An example of a compliant product label is on page 16 of 44 (PDF page 34), "ECIA Format -Product1", and a logistics label is two pages later on page 18 of 44 (PDF page 36).
For the python script you can assume I'm running on linux, use argparse, pathlib where possible, and that I am relatively fluent in command line tools and editing python. The hard part for me is encoding the CODE39 barcodes, and then aggregating it into a Data Matrix ECC 200 code that scans according to their specification, and finally placing these fields. I would imagine that the script you write would have a modules for:
* parsing and validating the json
* generating the various barcode elements as bitmaps
* compositing the data for the datamatrix ecc code & generating its bitmap
* a layout engine for placing all the data into html format
The layout engine may require some customization. I think we can also require a second JSON file that specifies the following:
* ordering of the fields on the two labels
* some ability to handle two-column fields. For example, on the logistics label example, the From is on the top half, the To is on the right half. And the date code/COO fields are laid out two in a line, but the rest are in linear format
* some ability to specify a horizontal break line
* and a field to specify where the datamatrix code goes
I'm not an expert in HTML or web layout, so maybe these are easy things to do and if it is pretty easy to just lay these out without the second JSON file you can skip that direction and go straight to the HTML output.

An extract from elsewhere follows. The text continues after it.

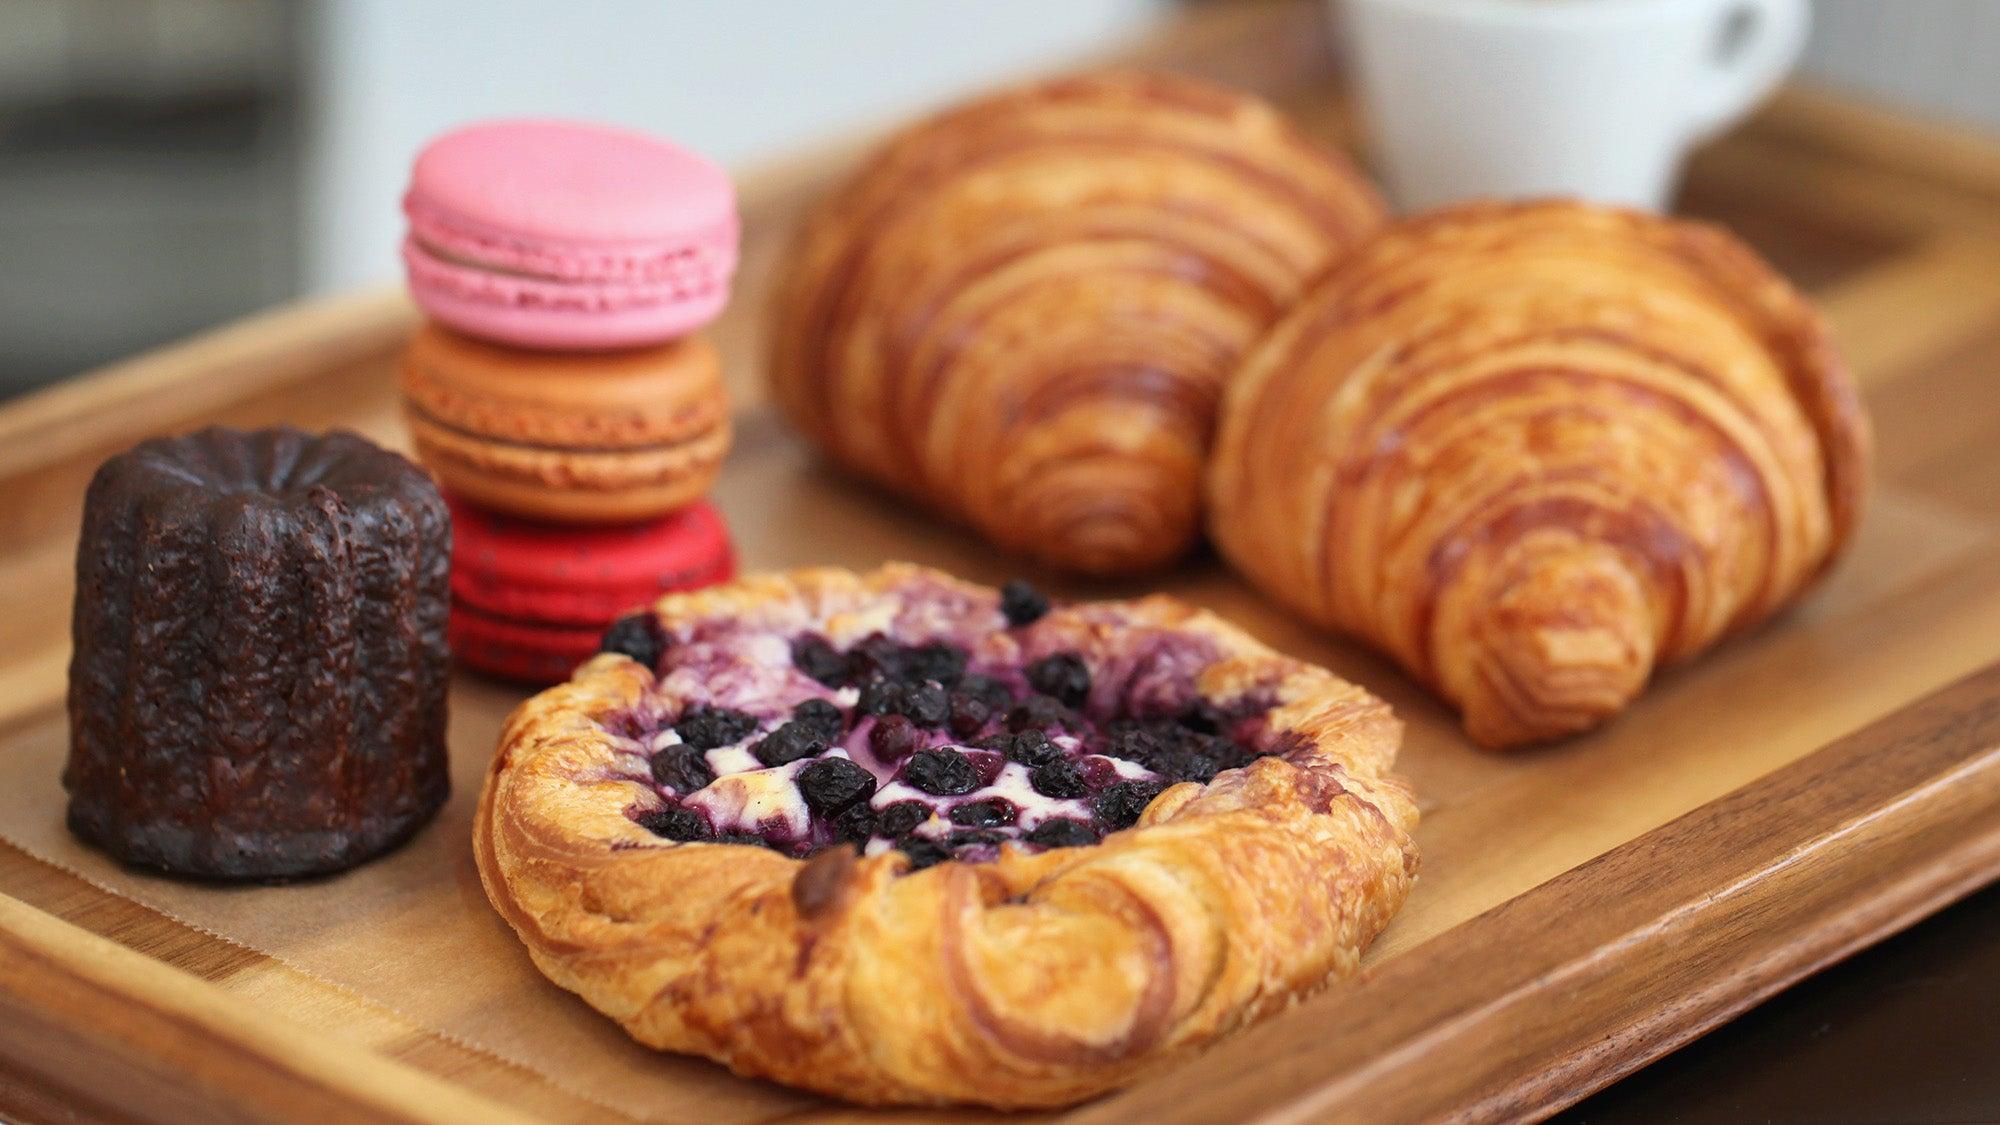 Pastries at Café Madeleine

Have a think about this first, and let me know if you think the strategy is in the right direction, if you have better ideas on how to do this, or if maybe there isn't already an off the shelf free tool that can do this for me and I don't have to write one myself.
And the Mouser product guide PDF as guidance. Some further tweaks were made to change the coding to CODE128 and fix some SVG overflow issues, but largely, Opus one-shotted this.